Tags: mother wave nora

I needed a ritual. More than a hug goodbye in the dorm vestibule. Better than a sob as we drove away. 

The girls had chosen hundred year old Illinois schools: Nora, the enormous state flagship where her maternal grandmother matriculated; Mia, a tiny private liberal arts school in a tiny town near the Iowa border. 

Mia's return to college has the feeling of another small and hard won victory. She made lemonade out of her unplanned gap year by serving as the assistant director at a local youth and special needs adult service program in Glencoe.

And now they were going away, Nora in mid August, Mia a month later. An empty nest, all at once, and I needed a commemoration, a cultural practice to guide me in and through the moment. I'll always be their mother, but from now on I would be a long distance mom, phoning it in so to speak, sending my love instead of spending and spreading it in the home we shared. 

Where does my help come from? I lift my eyes to women who have kept my feet steady on the path. Sharon Olds has a poem about the return of her older children, all asleep in a hotel suite, and dear Sinead O'Conner also gives me mother wisdom in her lyric "Three Babies." 

I'd been humming Sinead's propulsive dirge for days, ever since she left us, too soon, too soon. I kept her songs on repeat while I tackled cleaning out the garage on one of those precious long last summer days. I only knew a few of the words. The most important words, actually, "The face of you/The smell of you" and what expression could better bear the intensity of deep and instinctual and primeval Mother Love? 

But there is another story in her song, buried beneath her obscuring keening --- with the phrases "I'm like a wild horse" comes the clue and the "I know they will be returned to me" falls with a devastating weight. I translate into the gut wrench of "DCFS."


But despite Sinead's pain (or perhaps because of it), she left me and all of us so so many gifts. One of them is this: With the girls leaving, I can interpret her poem for myself, set myself in her anguish and also the prevailing hope of another tearful reunion.

Mia joined me in the garage to help me sweep up the broken pots and untangling the mismatched Christmas lights. We spelled each other, taking turns tossing and sorting. I'm trying to keep as much as I can from the waste stream ("What if nothing is waste?" was the mind blowing slogan on the side of the garbage truck) while my dear girl is exercising her new found skill to let go and let goodness. I take her broken shards from a kiln failure out of the trash and sprinkle them in the gravel of the passthrough to the alley. Organics get dumped into another back corner of the garden, behind the overgrown mint and autumn clematis. And there, tucked away and undisturbed, was the dead baby rabbit. Unbloodied and whole, his eye still shiny but still. He could have been resting. I gasped and called for Mia, who like me, cooed with pathos at the pitiful sight. Flies were starting to gather on his fur so I suggested a burial. We'd recently uncovered the big metal shovel in the tool pile. 
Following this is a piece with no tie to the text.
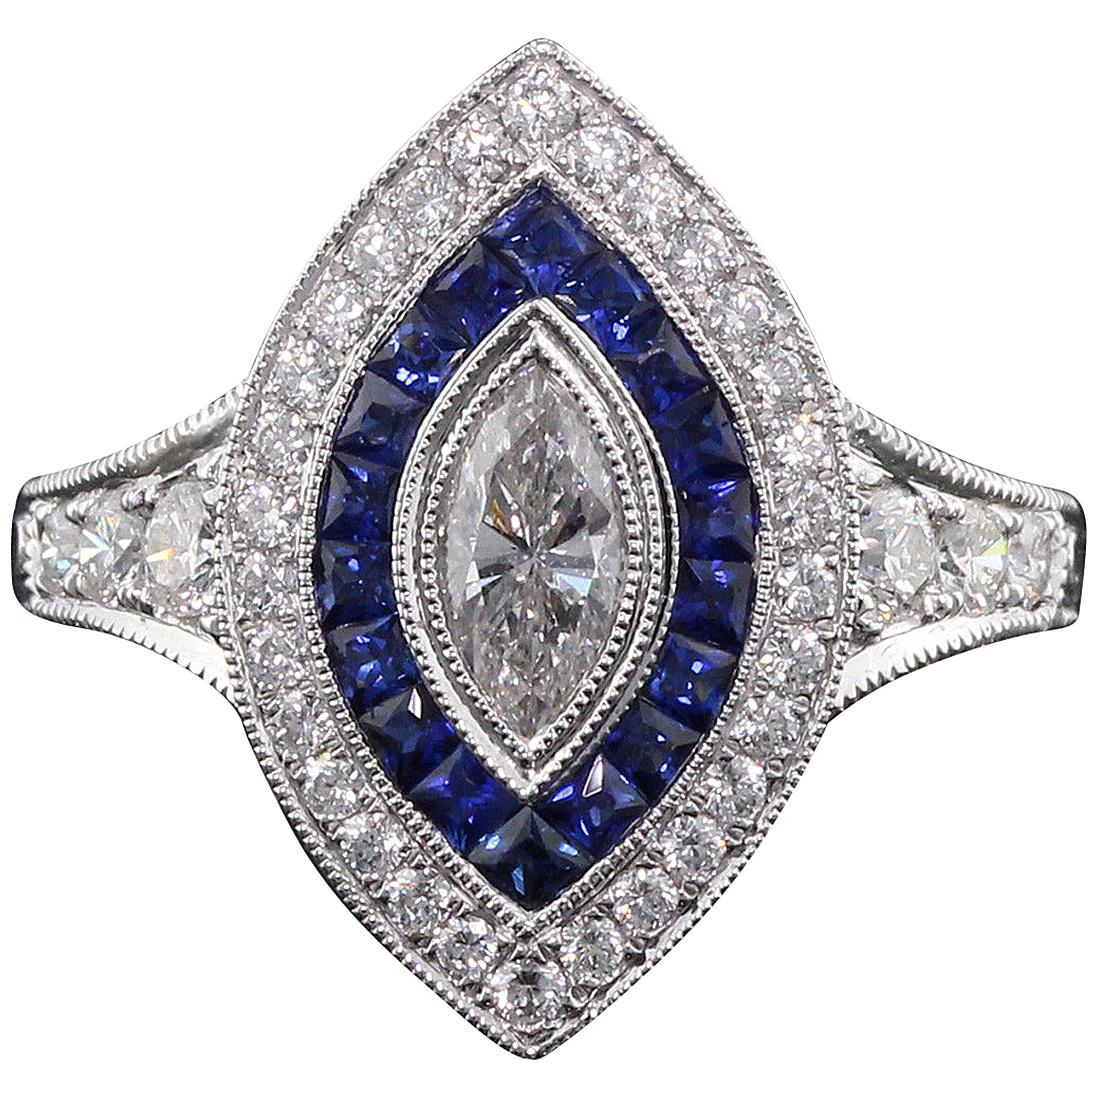 Art Deco Inspired 18 Karat White Gold, Marquise Diamond and Sapphire Ring

"Yes!" said Mia and told me about a Youtube video she'd seen that taught her the spot where an animal is buried may lay bare for a while: "The earth's process of grief" she called it, while later the fertilizing will kick in and nourish away. 

I dug a shallow hole next to where he lay, handed the shovel over and Mia gently slid him in. 
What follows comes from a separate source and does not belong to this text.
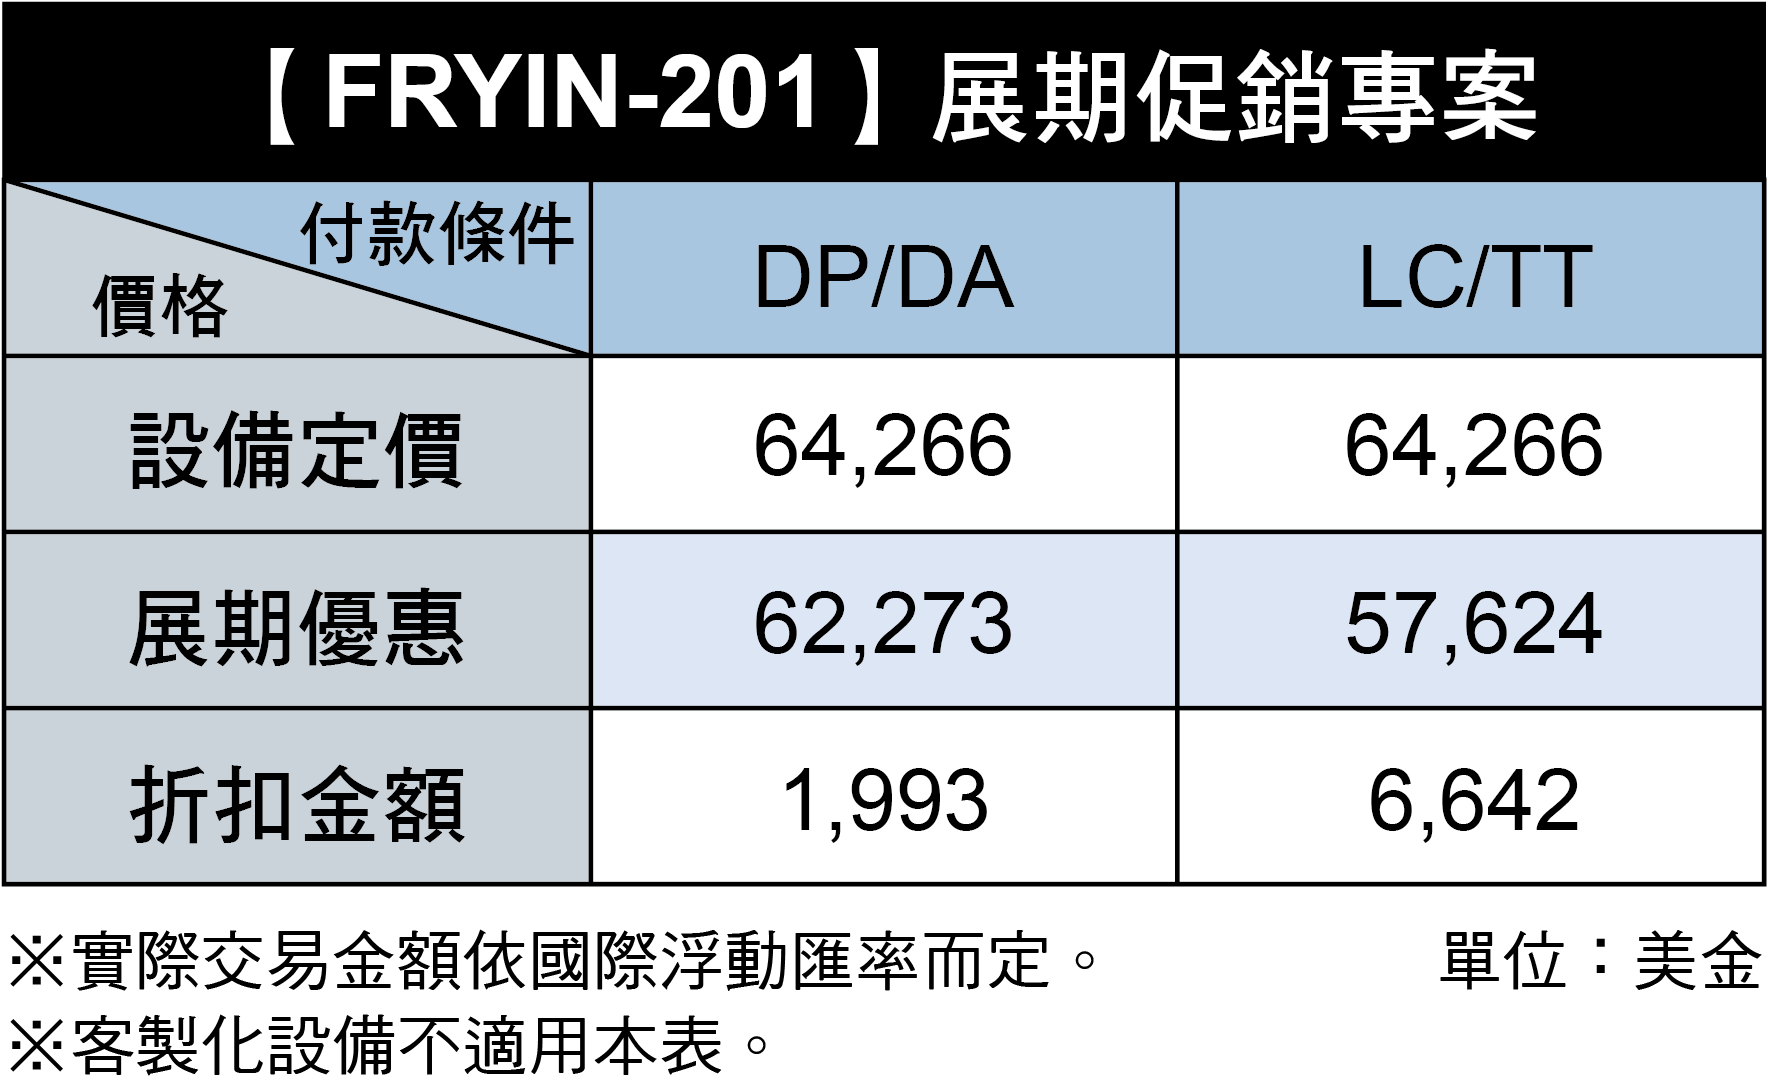 FRYIN-201フライヤー特別割引

"Let's say a few words," I suggested, swept up in the play rite, and "Thank you, Rabbit, for delighting us when you played in the yard, even though you ate my hostas and the coneflowers" 

Mia covered him with the loose dirt and my ceremony took care of itself. Thank you, little baby, goodbye, goodbye.

I will always be their mother, near or far, and Bernadette's continual mother of me endures, not through any supernatural intervention, but through my inheritance: the blood and bone and DNA and laugh and nose and eyes and flank and smile and love of children and their education and growth. And the sacrifices I have made and will make. 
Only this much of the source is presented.